[Date Prev][Date Next][Thread Prev][Thread Next][Date Index][Thread Index]
Re: Feature request: testline(tl) (RFC)
From: |
V.Krishn |
Subject: |
Re: Feature request: testline(tl) (RFC) |
Date: |
Wed, 10 Dec 2014 05:38:08 +0530 |
User-agent: |
KMail/1.13.7 (Linux/3.9.6-64; KDE/4.8.4; x86_64; ; ) |
> On 09/12/14 22:20, V.Krishn wrote:
> > Hi,
> >
> > Was reading about bloom filter,
> > and came upon this example,
> >
> > http://troydhanson.github.io/misc/bloom.html
> > ------
> > The bf test program
> >
> > The program bf.c implements a Bloom filter. It can be used like,
> >
> > ./bf -n 16 members.txt test.txt
> >
> > Where the lines of members.txt are the true set members and the lines of
> > test.txt will be tested for membership.

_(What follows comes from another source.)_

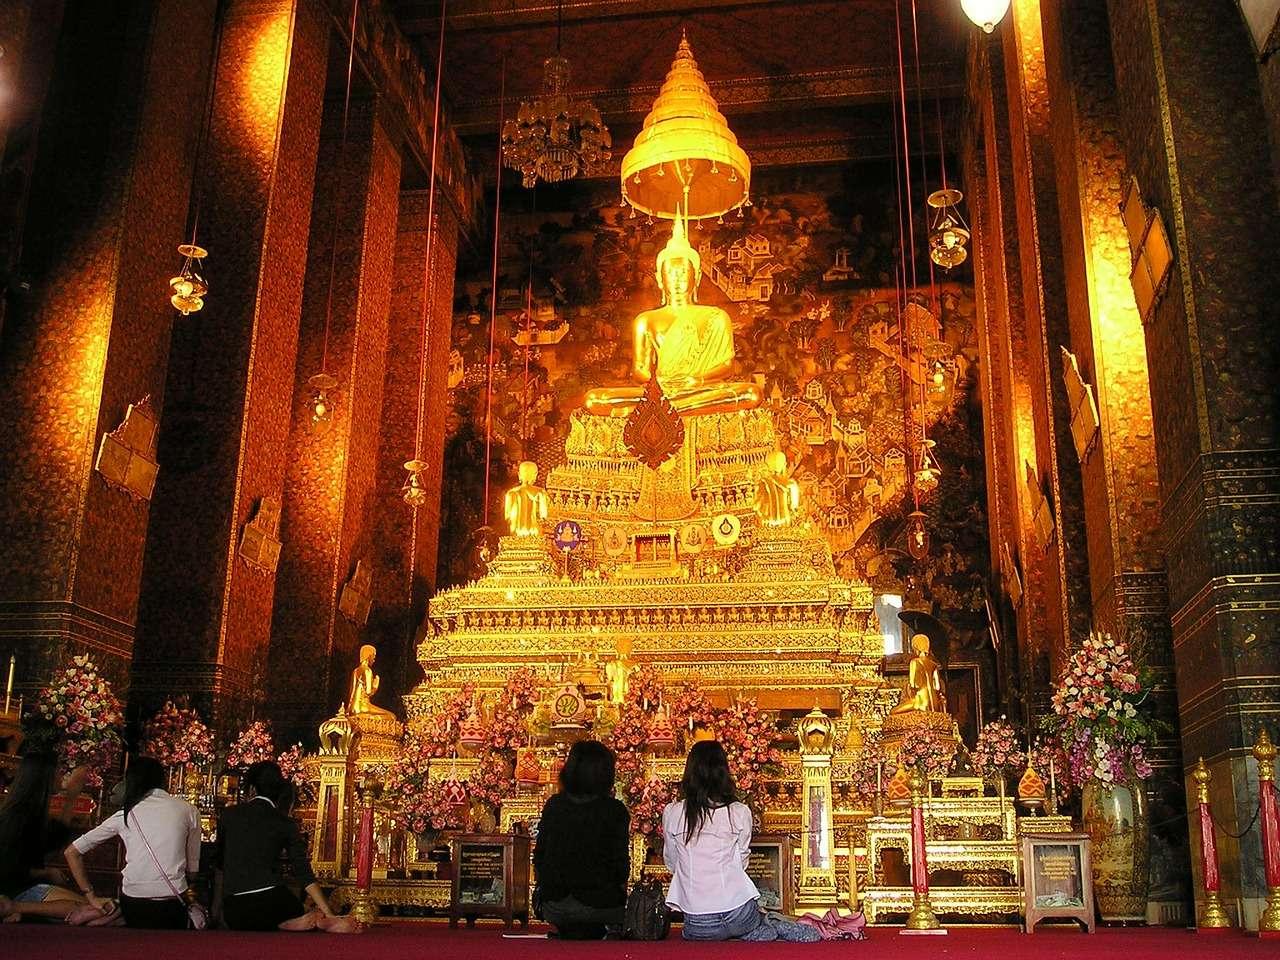 Таиланд Бангкок Храм Святыня Золото Алтарь

Varying n shows how the error
> > rate increases with smaller values of n.
> > ------
> >
> > Source: https://github.com/troydhanson/misc
> > code:
> > https://raw.githubusercontent.com/troydhanson/misc/master/compression/blo
> > om/bf.c
> >
> > REQUEST:
> > Wondering if a simple implementation to test lines could be added to
> > coreutils Features:
> > 1. report if some lines missing (option to print)
> > 2. option to print found lines
> > 3. option to print missing lines
> > 4. ....more logic posible...
> >
> > -------------
> > Presently, I can achive the same using simple shell script by calling
> > grep on each line or using `comm`
> > But believe that method using bloom should be faster and result in a uniq
> > and useful tool.
> >
> > Please ignore or guide if any similar util already exists.
>
> Maybe we should keep the existing interfaces of grep, uniq, comm etc.
> and use a bloom filter _internally_ if appropriate.
>
Such internal use should be explicit options in tools like grep, uniq, comm
etc and not set by default.
eg. comm --use-bloom <bloom options>
Reasons: using hashes has its on pros/cons and should not be a surprise by
making it default.
--
Regards.
V.Krishn